# WORK TASK
Start at the line with "鎌倉の豪邸に肉を焼きに行ったら、超・経営論を聞かせてもらった話" and print every line through the end of the material below. Keep it exact and free of pictures.

# DATA EXCERPT

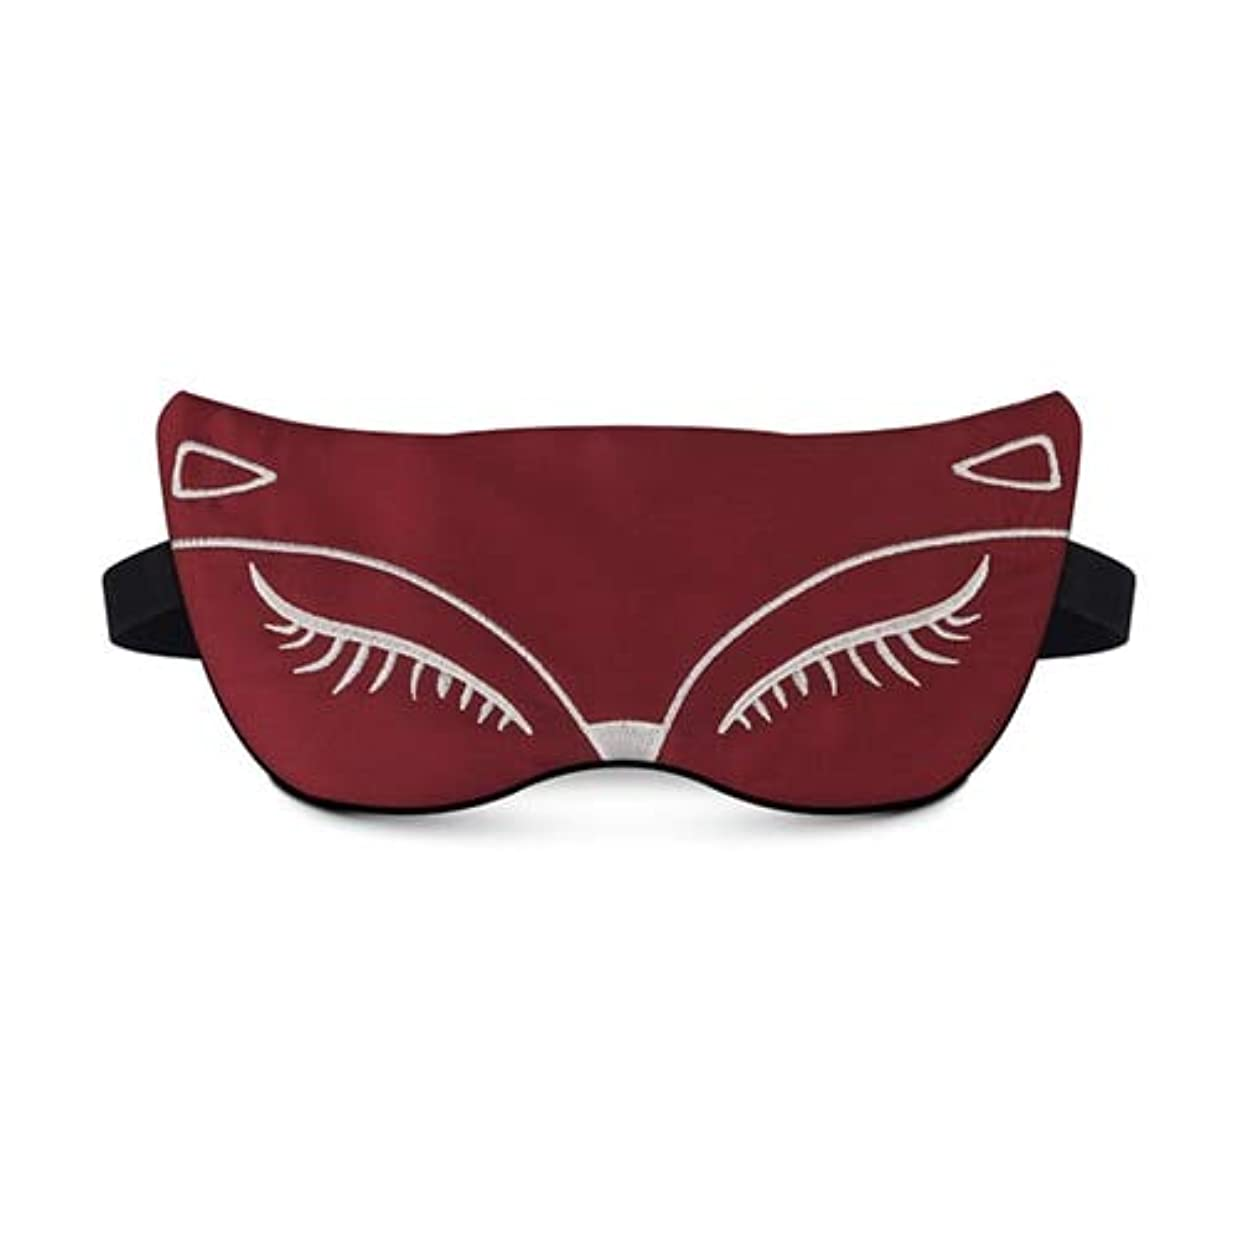 NOTE Protableソフトスリックスリーピングマスクアイパッチアイマスクかわいいリトルフォックス刺繍ライトシェーディングクリエイティブ旅行リラックス睡眠補助
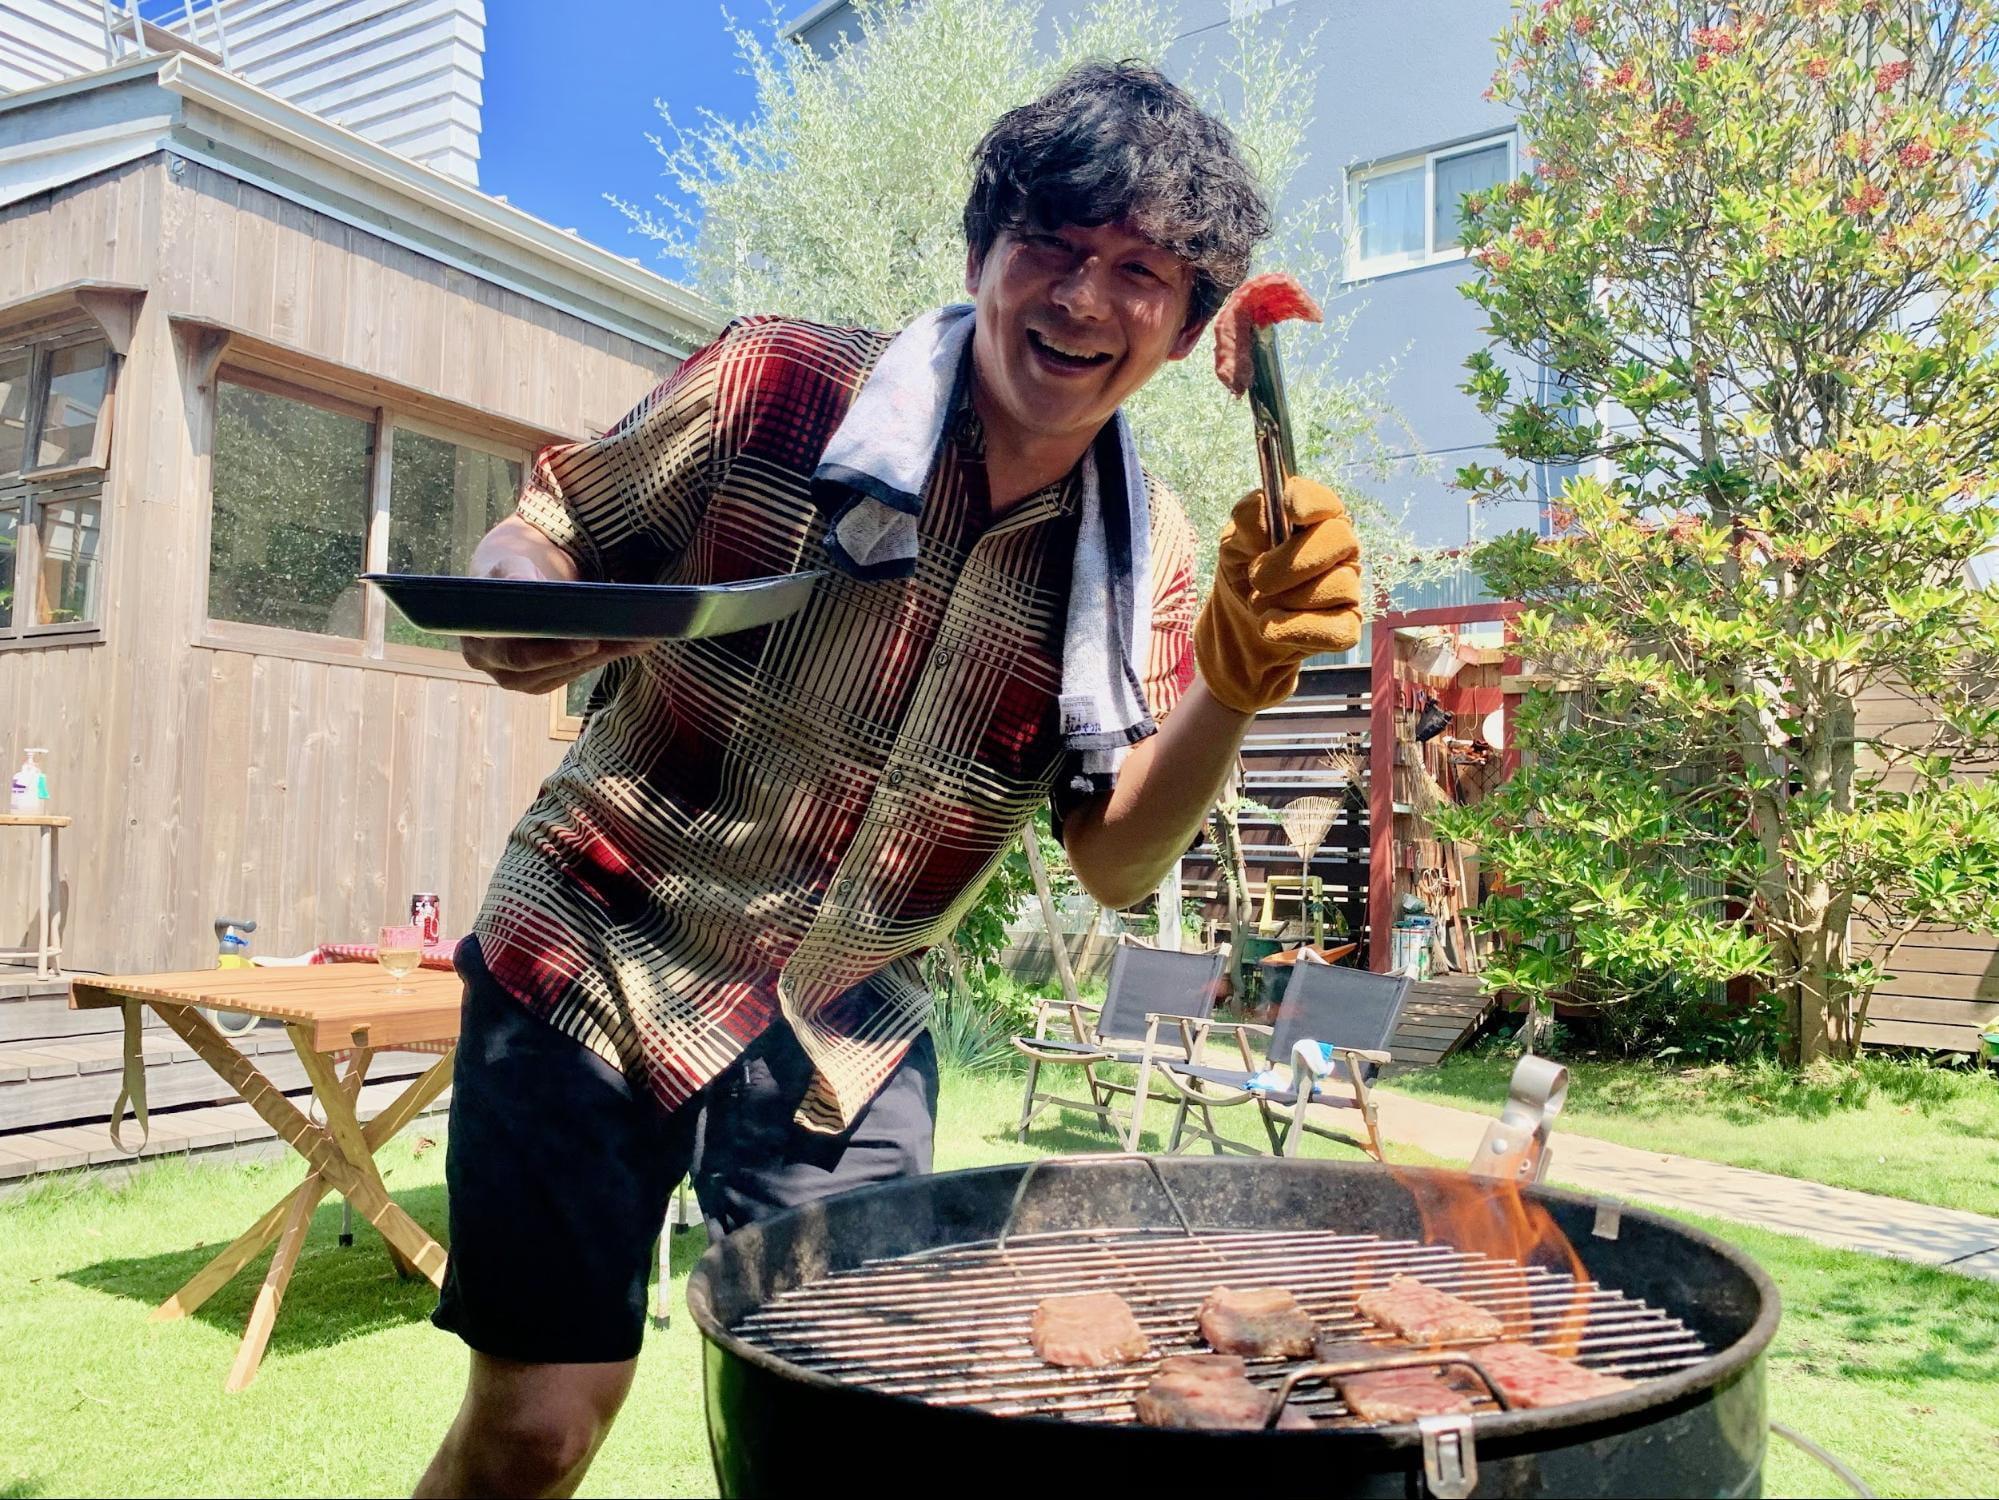 鎌倉の豪邸に肉を焼きに行ったら、超・経営論を聞かせてもらった話
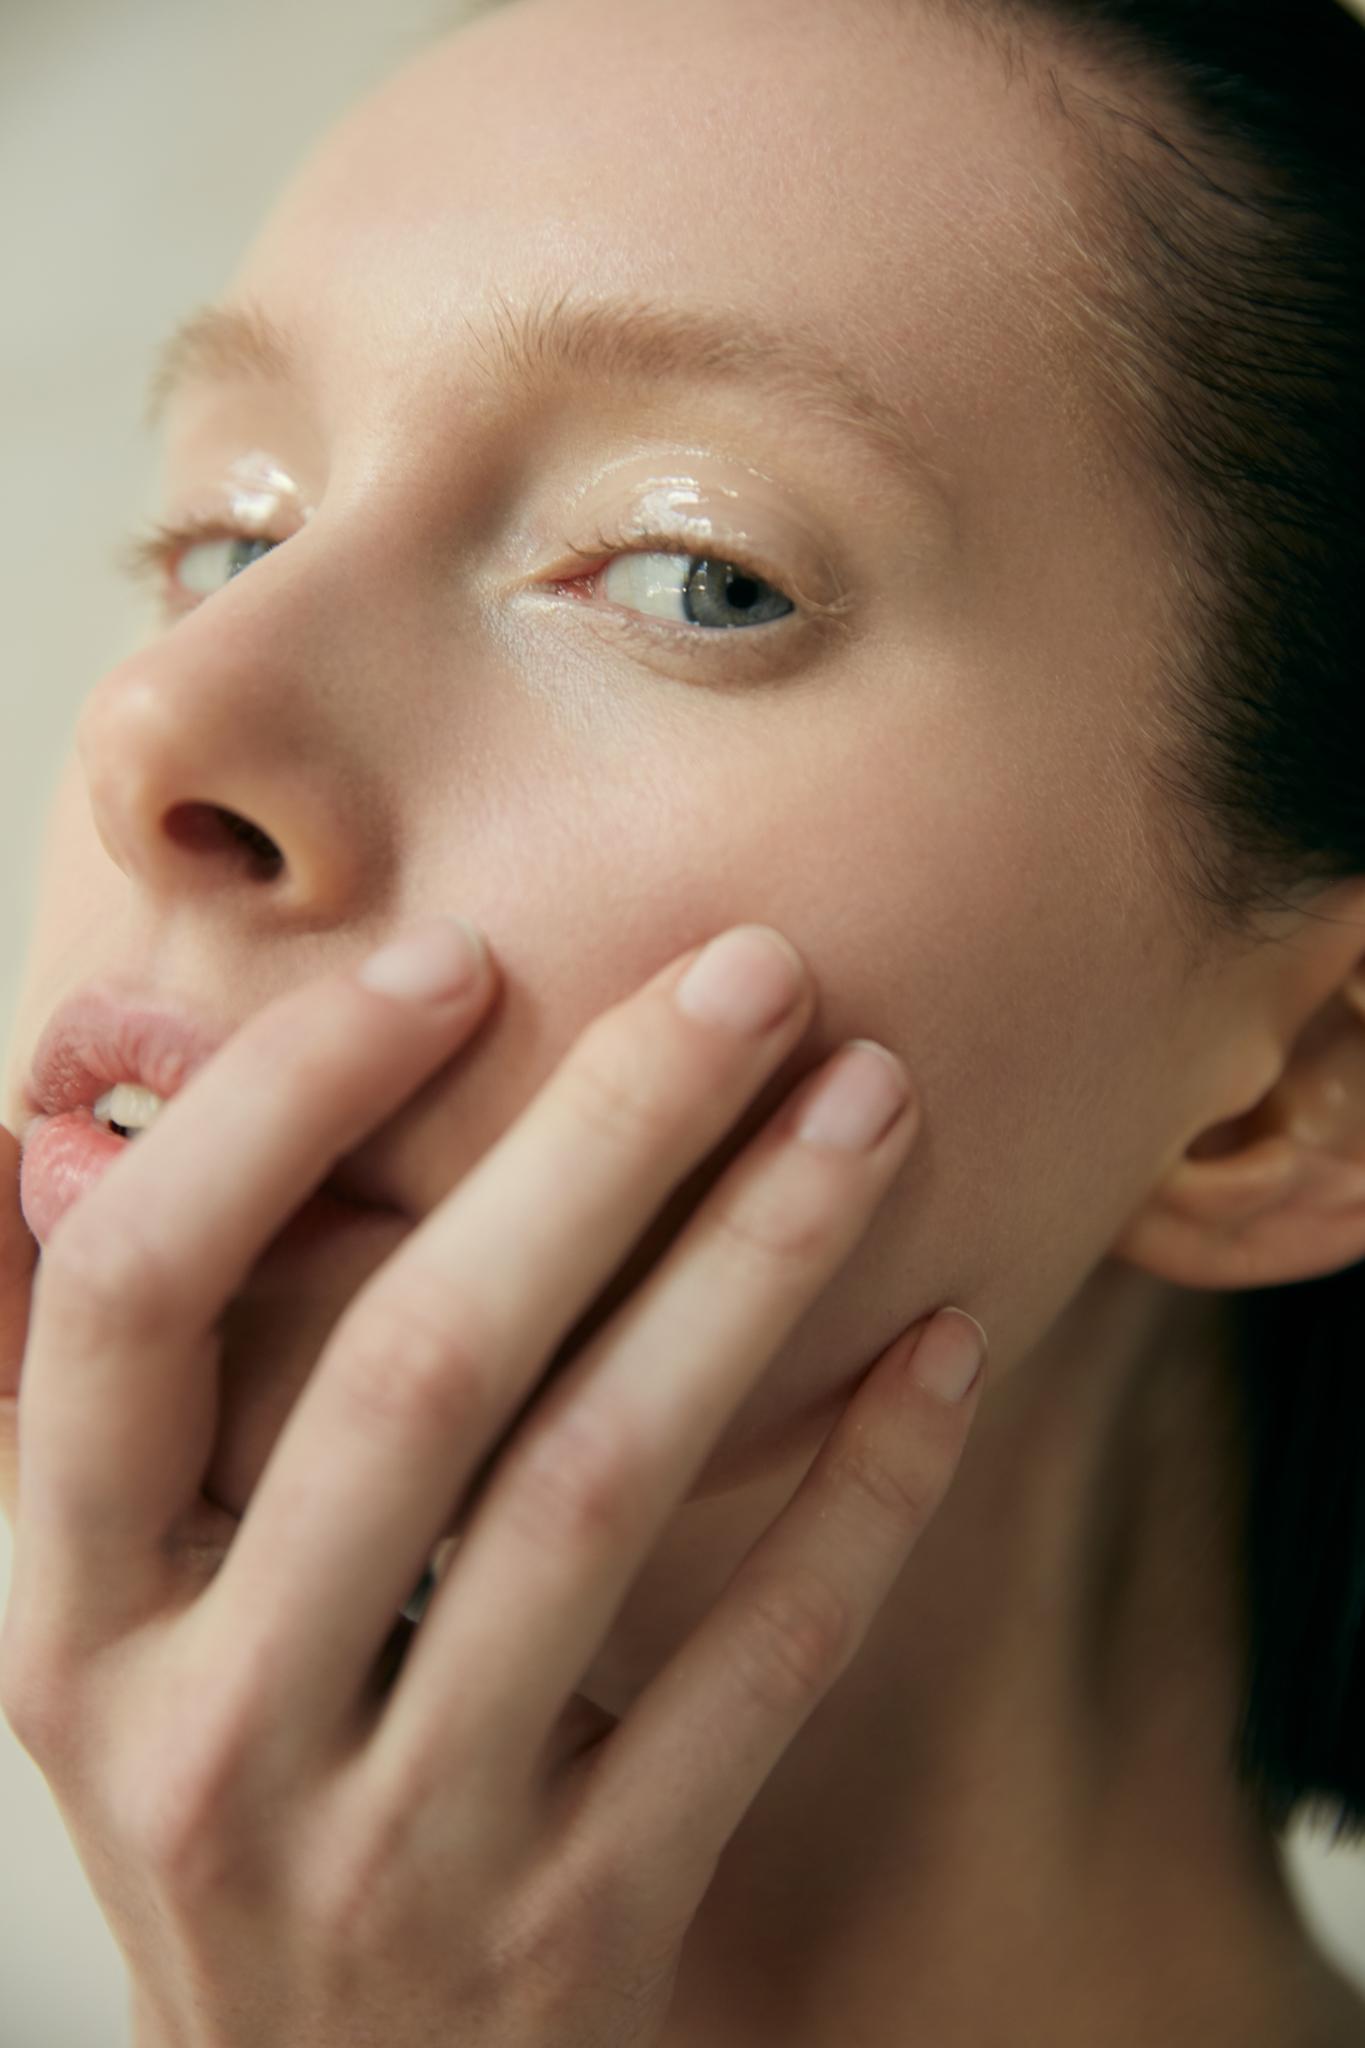 Marina Murasheva_beauty editorial_no goodbyes_5.jpg
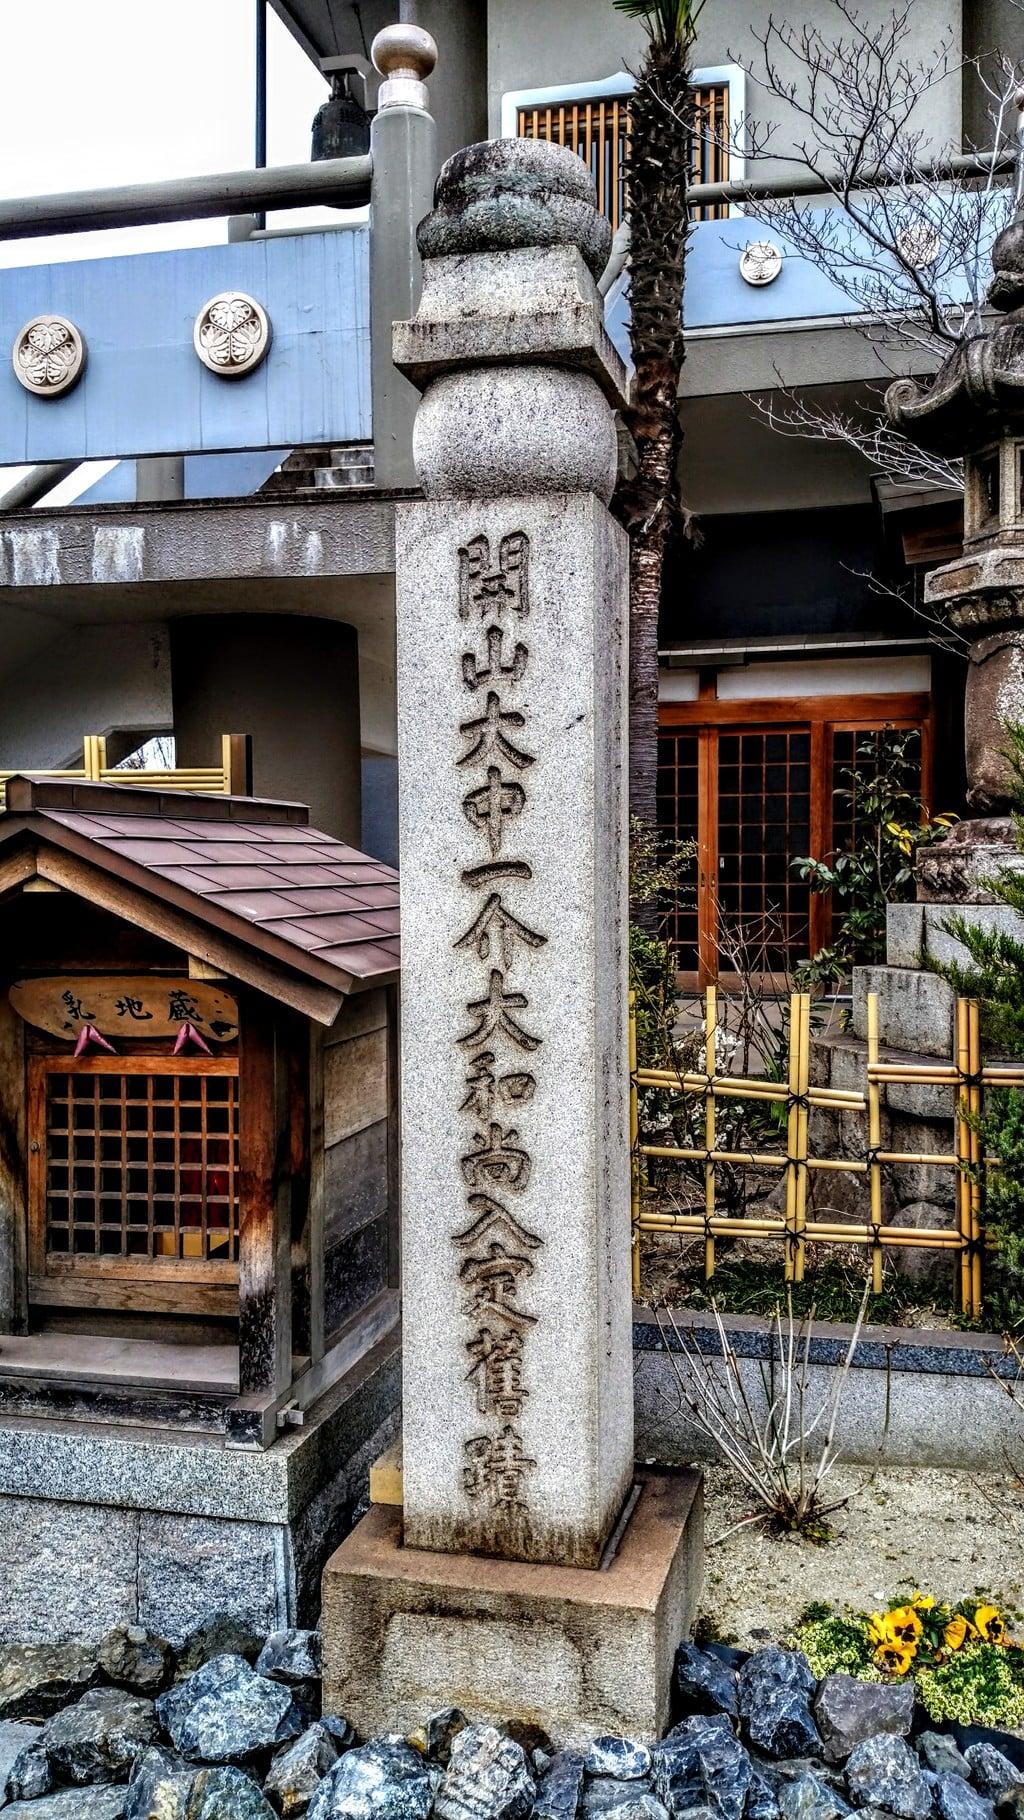 玉応山 龍雲院の像

# ANSWER TO THIS PROBLEM
 鎌倉の豪邸に肉を焼きに行ったら、超・経営論を聞かせてもらった話
 Marina Murasheva_beauty editorial_no goodbyes_5.jpg
 玉応山 龍雲院の像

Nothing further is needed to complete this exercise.